● Task:
Print exactly the lines of the listing below from the one containing "Esgair Irfon cairn, general" through the final line, both included, and no pictures.

● The data:
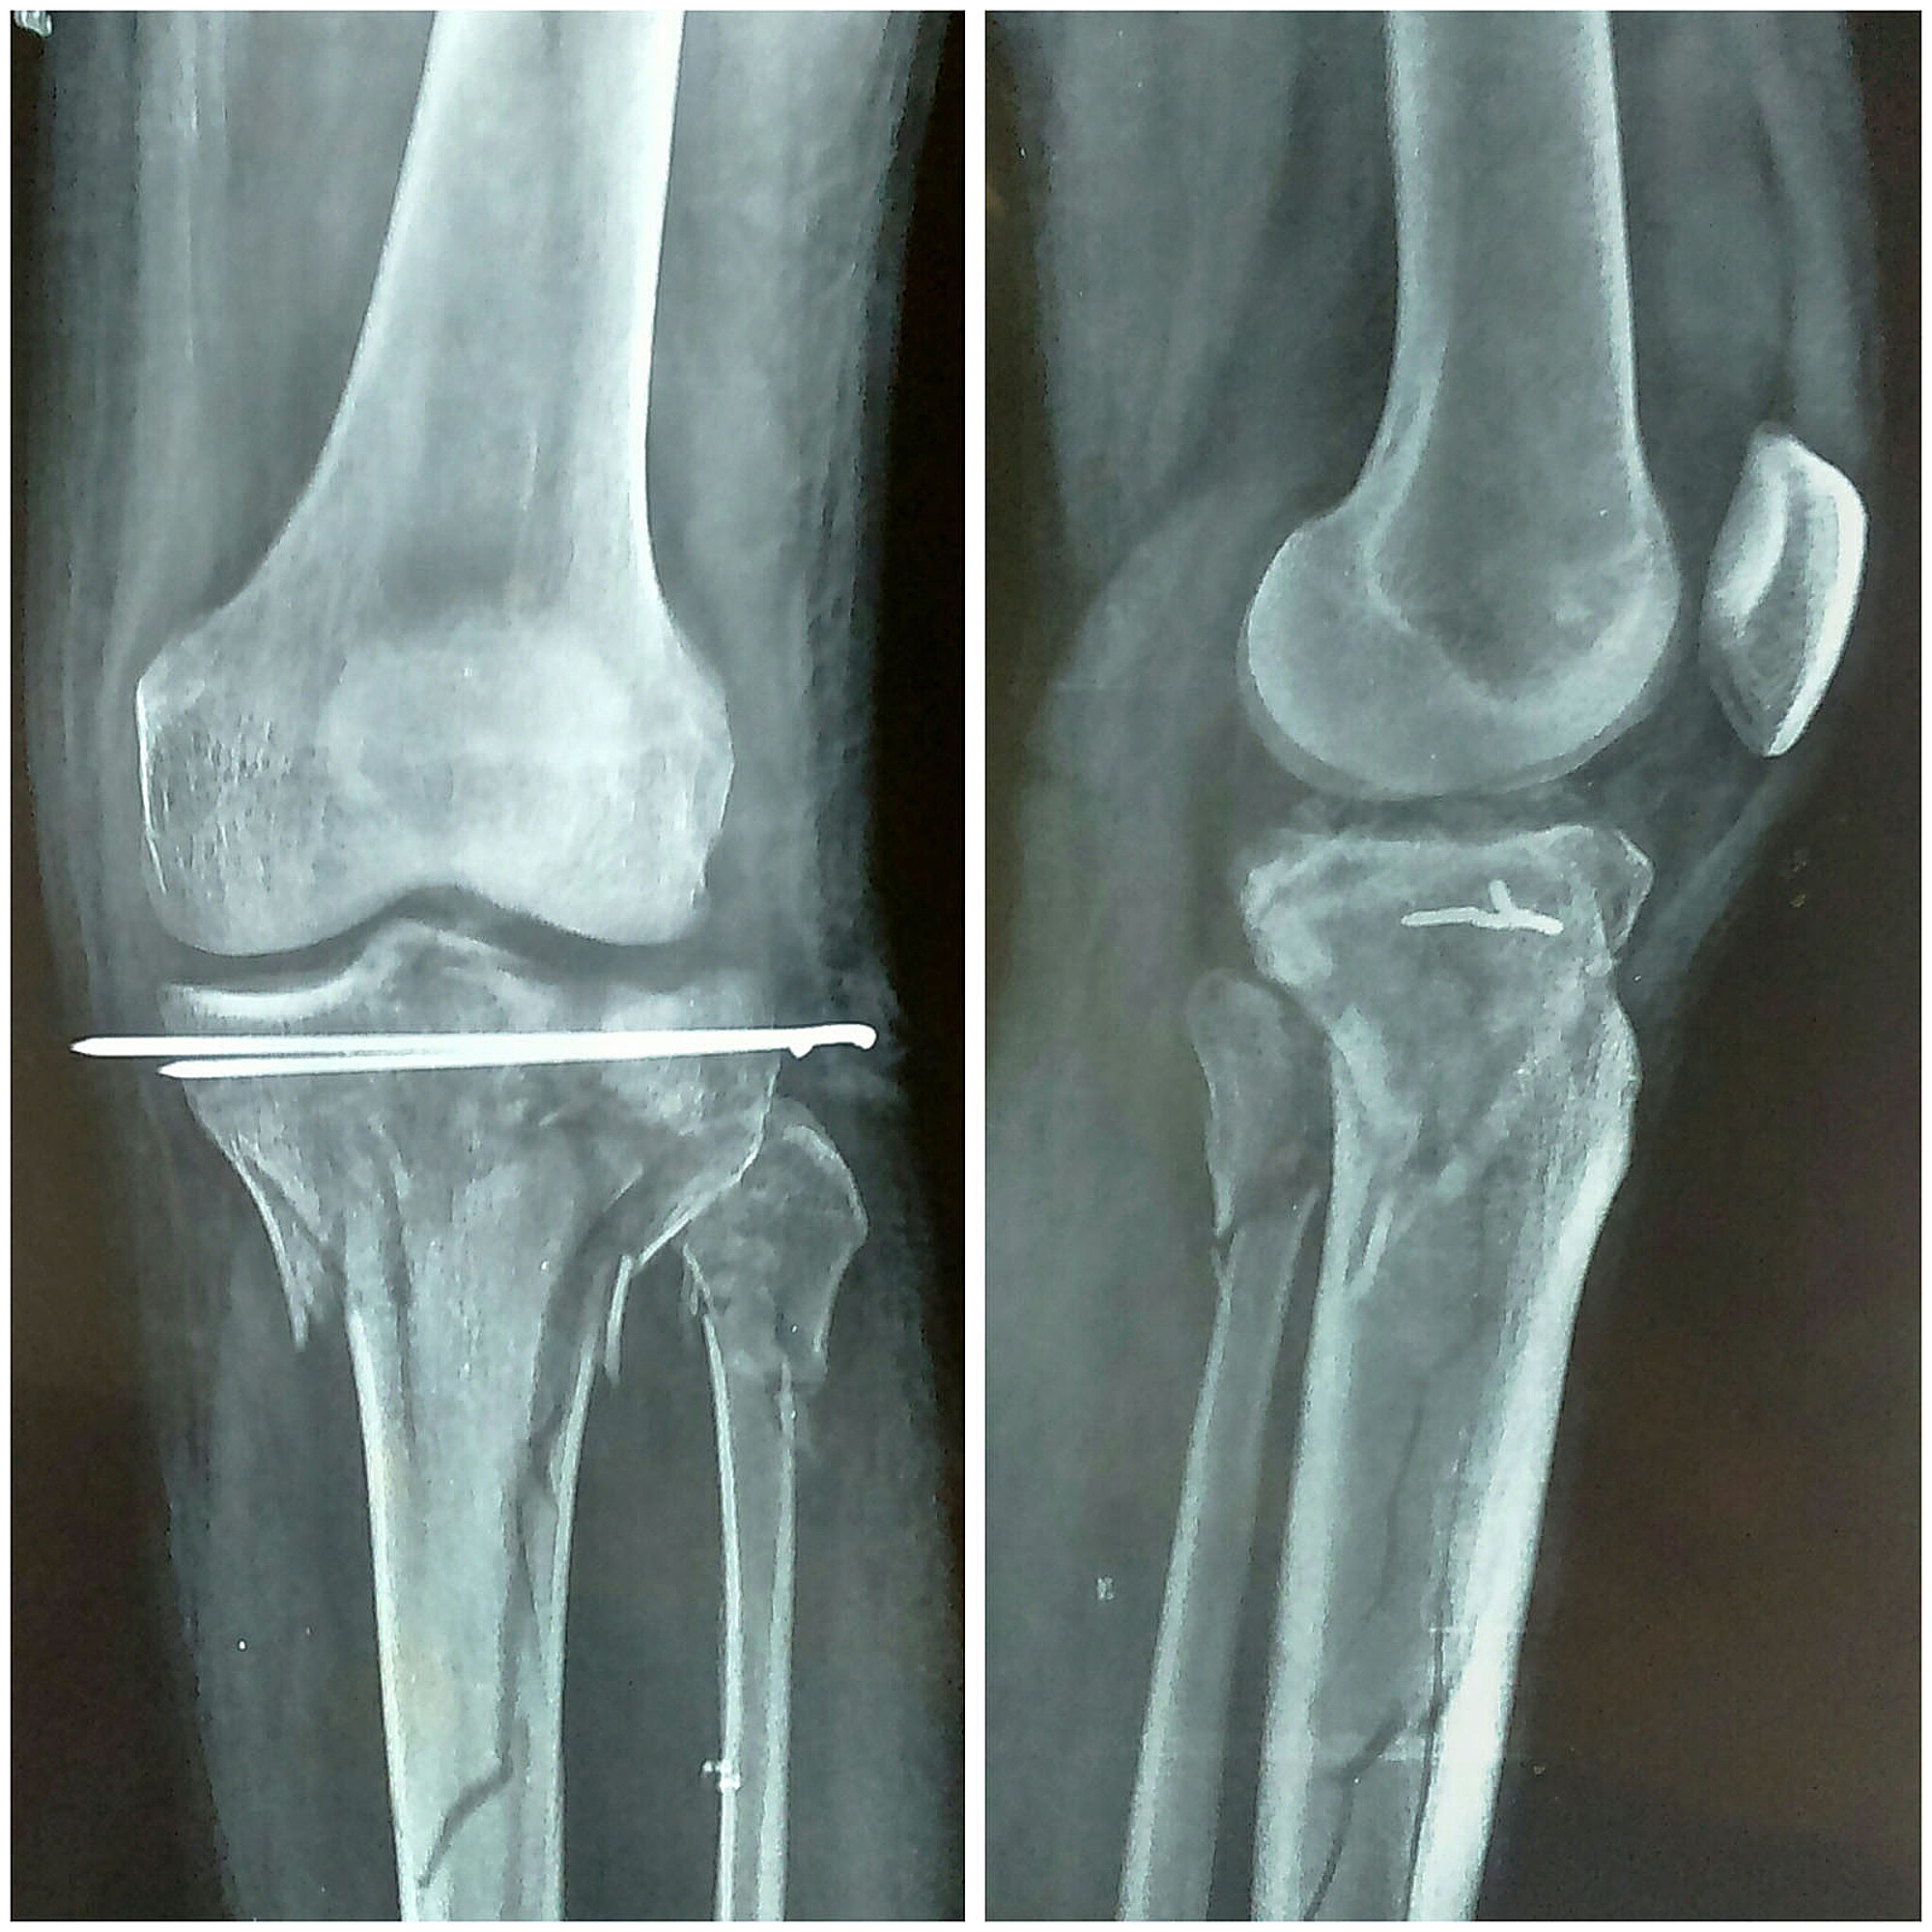 tibial plateau fracture swelling
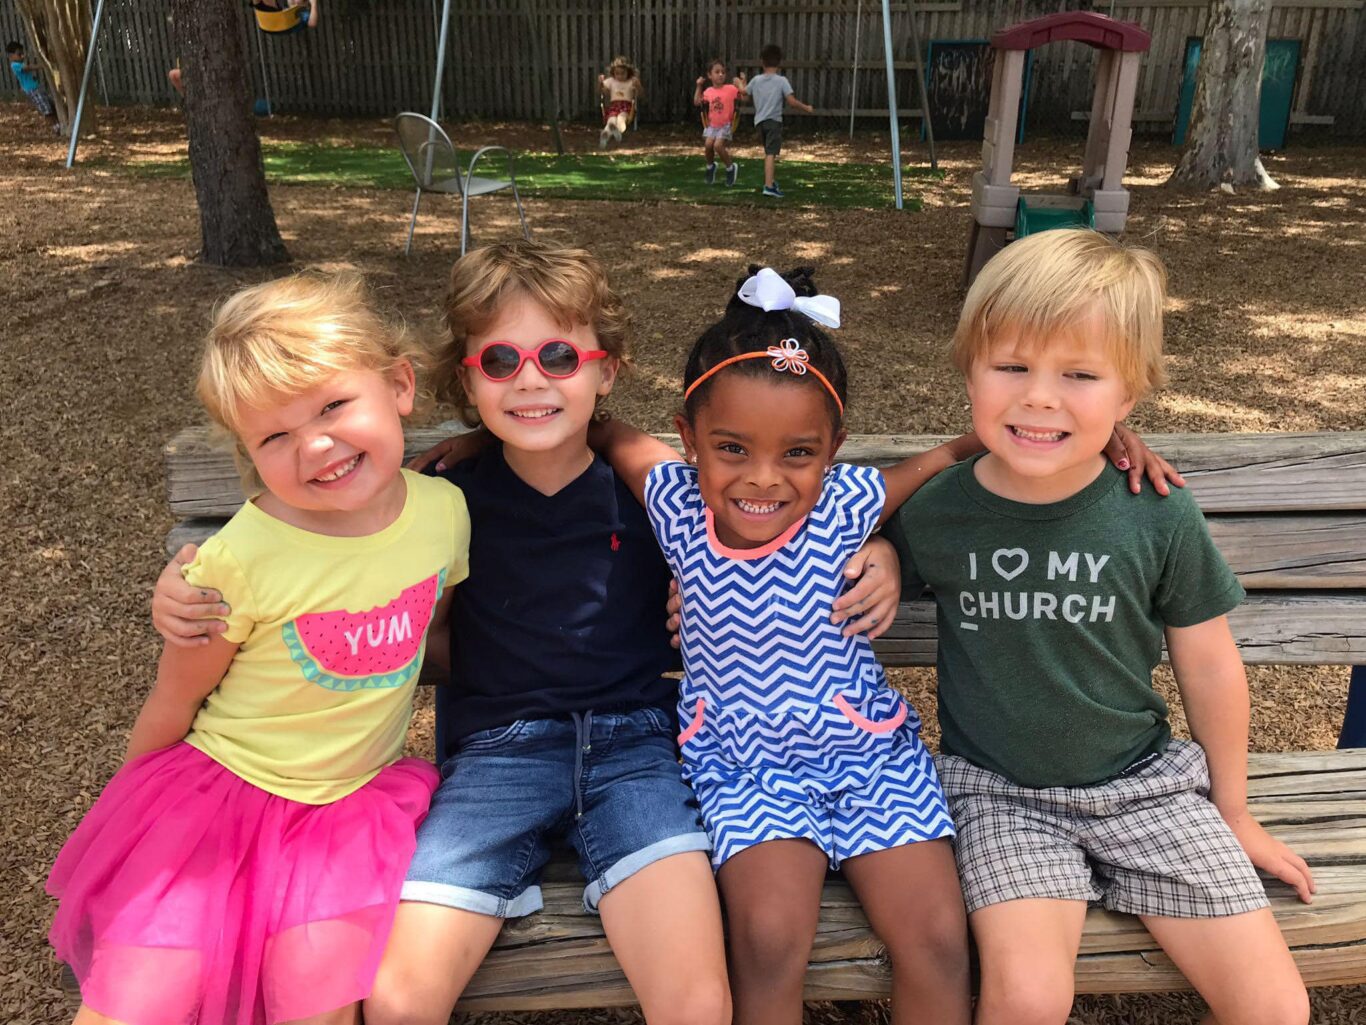 Four preschool children posing for a picture on a park bench.
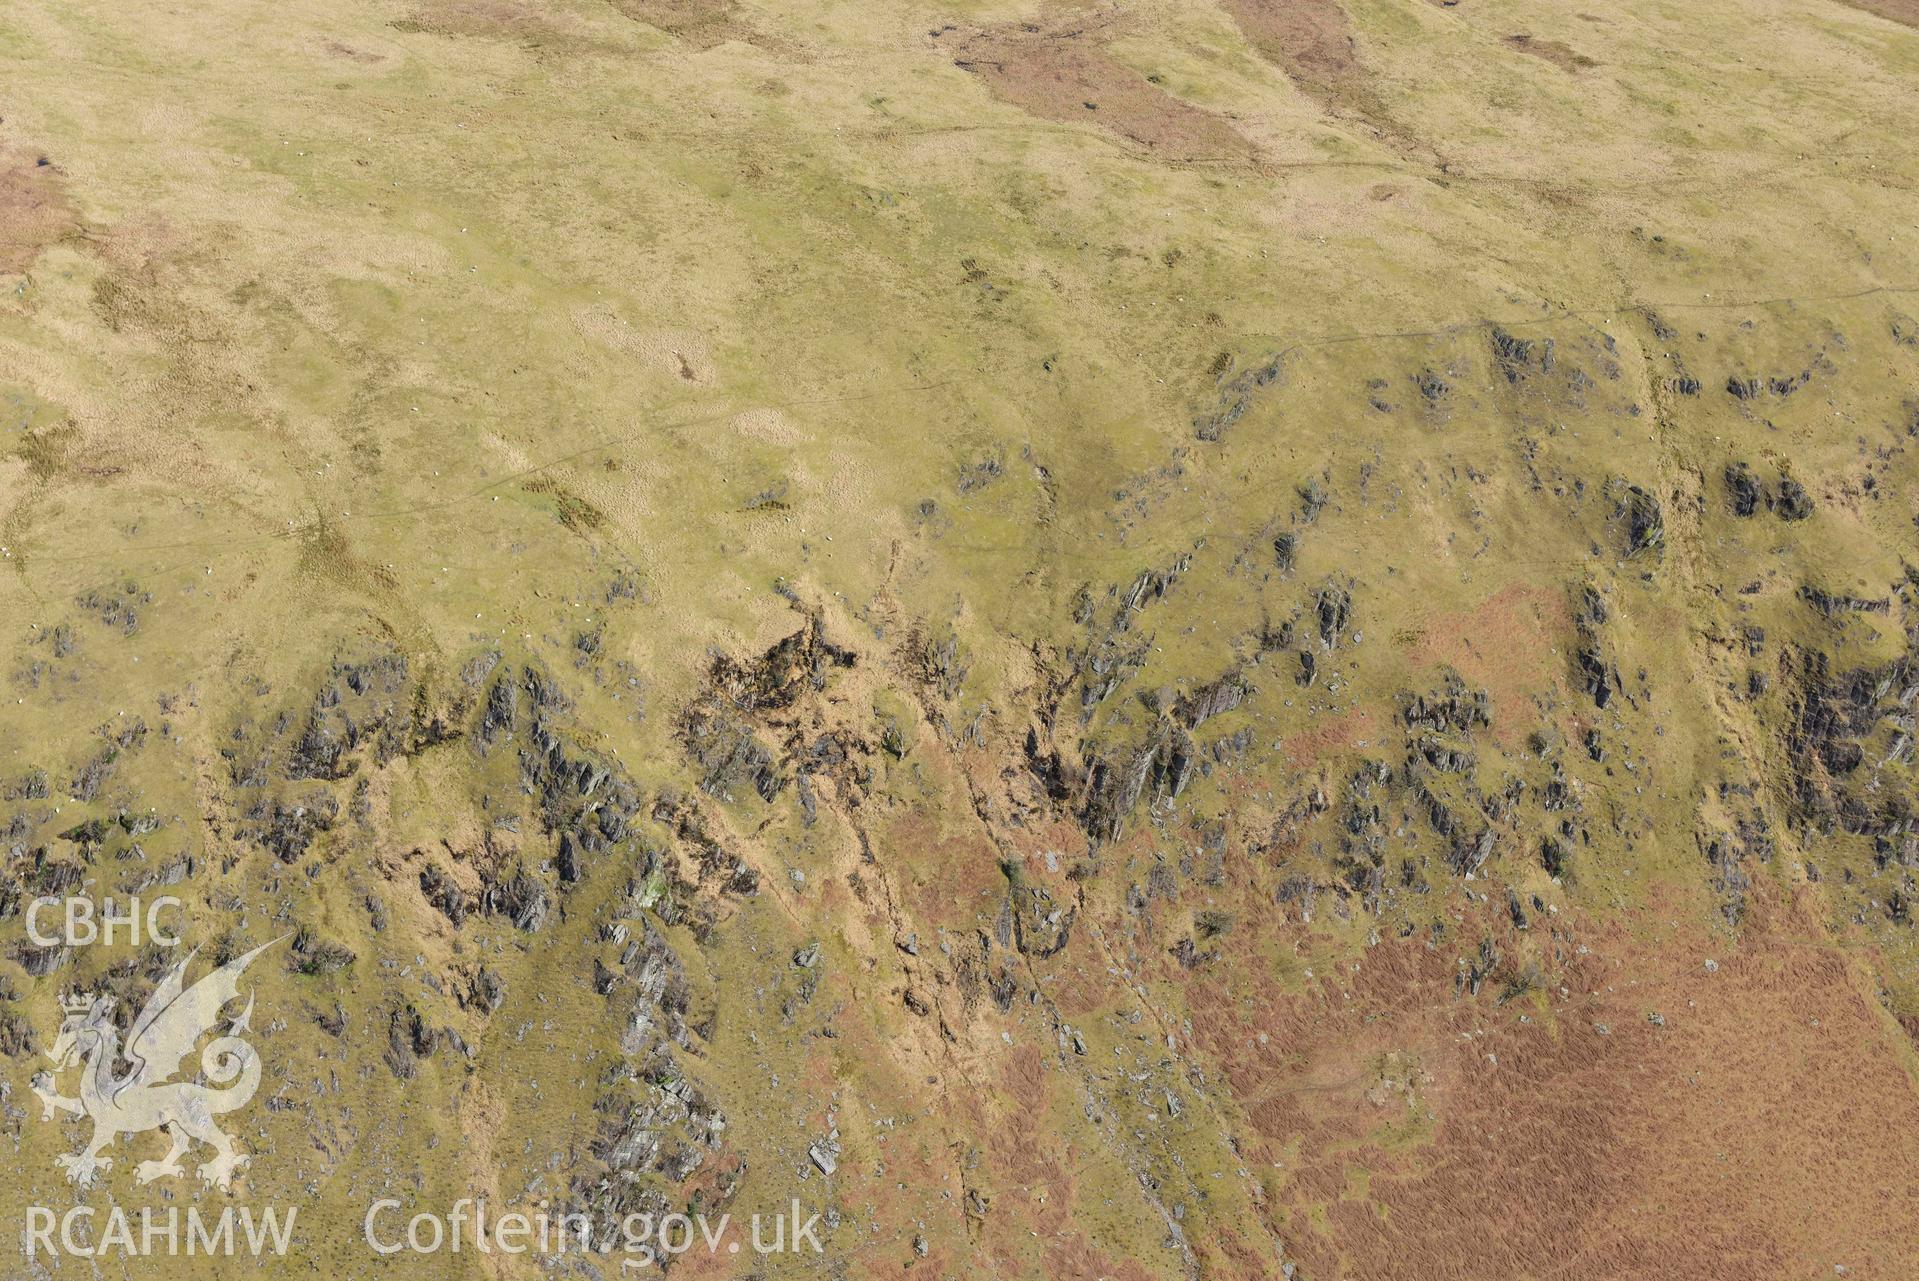 Esgair Irfon cairn, general view of location. Oblique aerial photograph taken during the Royal Commission’s programme of archaeological aerial reconnaissance by Toby Driver on 14 March 2022.
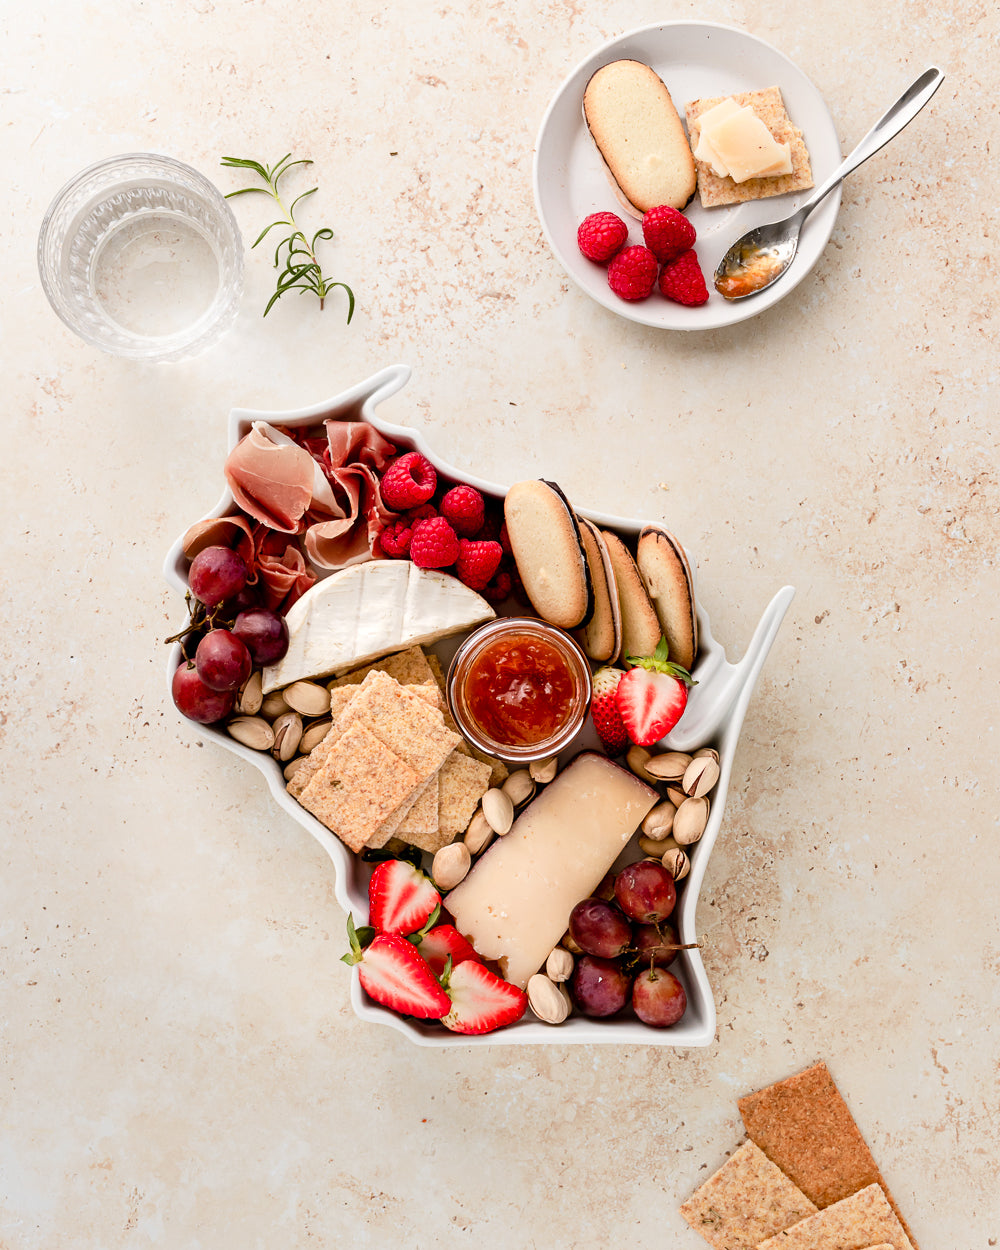 Wisconsin state plate charcuterie board. Wisconsin state plate cheese board. WI charcuterie board. WI meat and cheese board. WI meat and cheese tray. WI meat and cheese plate. WI appetizer tray. WI kitchen gift. WI baking gift. WI cooking gift.

● Output:
 Esgair Irfon cairn, general view of location. Oblique aerial photograph taken during the Royal Commission’s programme of archaeological aerial reconnaissance by Toby Driver on 14 March 2022.
 Wisconsin state plate charcuterie board. Wisconsin state plate cheese board. WI charcuterie board. WI meat and cheese board. WI meat and cheese tray. WI meat and cheese plate. WI appetizer tray. WI kitchen gift. WI baking gift. WI cooking gift.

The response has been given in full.